Survival gardening for the complete n00b

A few days ago, on this post, mrlespaulman stated his discouragement with his garden thus far:

"While having a farm in my backyard that sustains my family is my main goal, I'm starting to learn that its quite a lot harder than I thought it would be. Between the bugs and my lack of planning, I don't know how in the world I could end up getting enough of a harvest to put up a decent amount--not to mention having enough left over to eat right then. It always seems I end up with more hot peppers than I know what to do with, leafy greens full of holes, split radishes, tiny onions, rotting squash, and only about 15 green beans at a time...lol. Any pointers on the planning aspect of survival gardening for a complete and total n00b? Thanks!"

There are few things more discouraging than jumping into an exciting new venture... and then being beaten back. The problem is usually not the bugs... the soil... or even making mistakes; it's usually a problem of scale.

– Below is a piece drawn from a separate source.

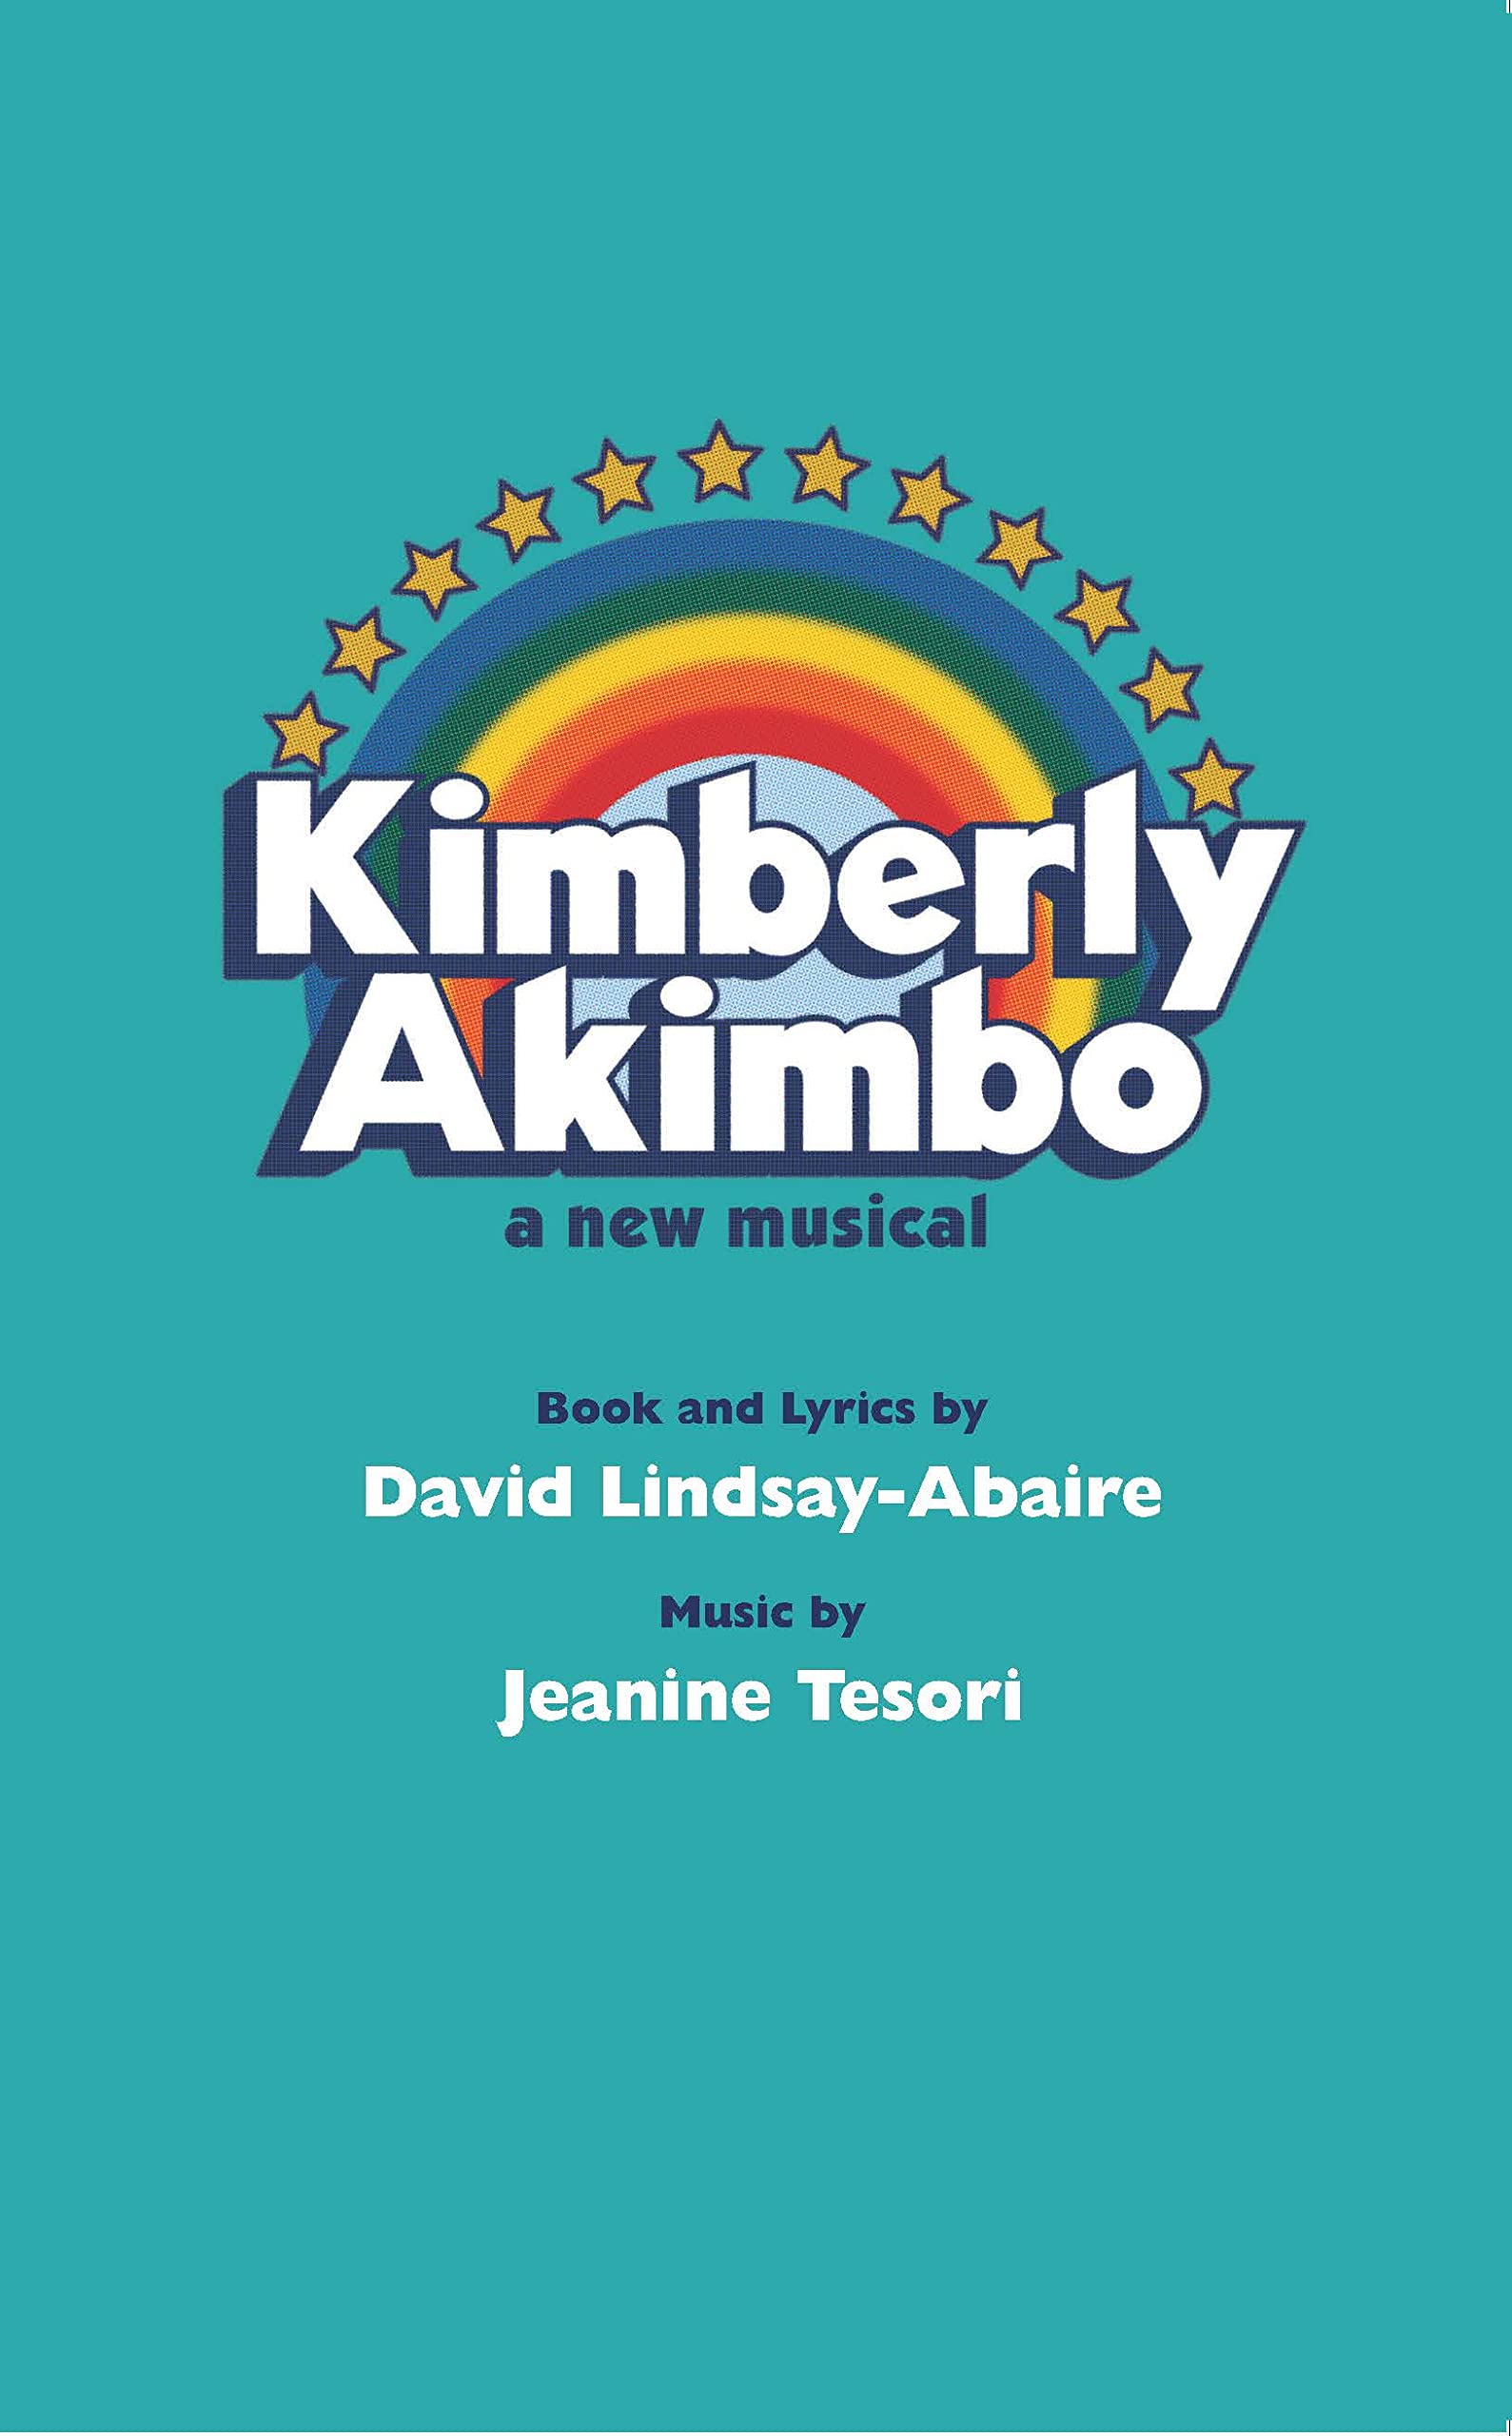 Kimberly Akimbo by David Lindsay-Abaire

I don't know if this is the case for mrlespaulman, but I do know that in times past I had grand and glorious garden plans that I put into execution... only to be run over by cutworms, poor growth, lousy  yields, drought, etc. etc. etc.

Creating solid and productive gardens usually doesn't happen right away. Practice makes perfect. Starting on a grand scale and hoping to put away piles of produce at the end of the year WILL make you discouraged.

I usually tell folks to start by growing their own salads, herbs or both. If you can keep a few pots of salad greens going... and a bit of basil for the tomato sauce - you're officially gardening.

From that point, I'd move on to a 4' x 4' bed... or a 4' x 8'. If you try to build a ton at once, you get burned out. You scrimp on soil amendments. You're stretching compost and you're not managing anything well. If you can manage a 4' x 4' patch really well, you'll probably get more out of that than you would with a badly managed 4' x 40' patch.

A garden this size is easy to build, easy to manage, and encouraging as heck.


Put serious, loving care into a small space, watching it daily, fertilizing with good stuff like kelp meal and compost, and you'll start to build confidence and the skills you need to manage a much larger space.

Now - as for having more hot peppers than you know what to do with...rotting squash... tiny onions, etc. - that's Florida!

Some things are MADE to grow here. Peppers, for instance. They love the heat, they love the sand and they produce like crazy - sometimes for years.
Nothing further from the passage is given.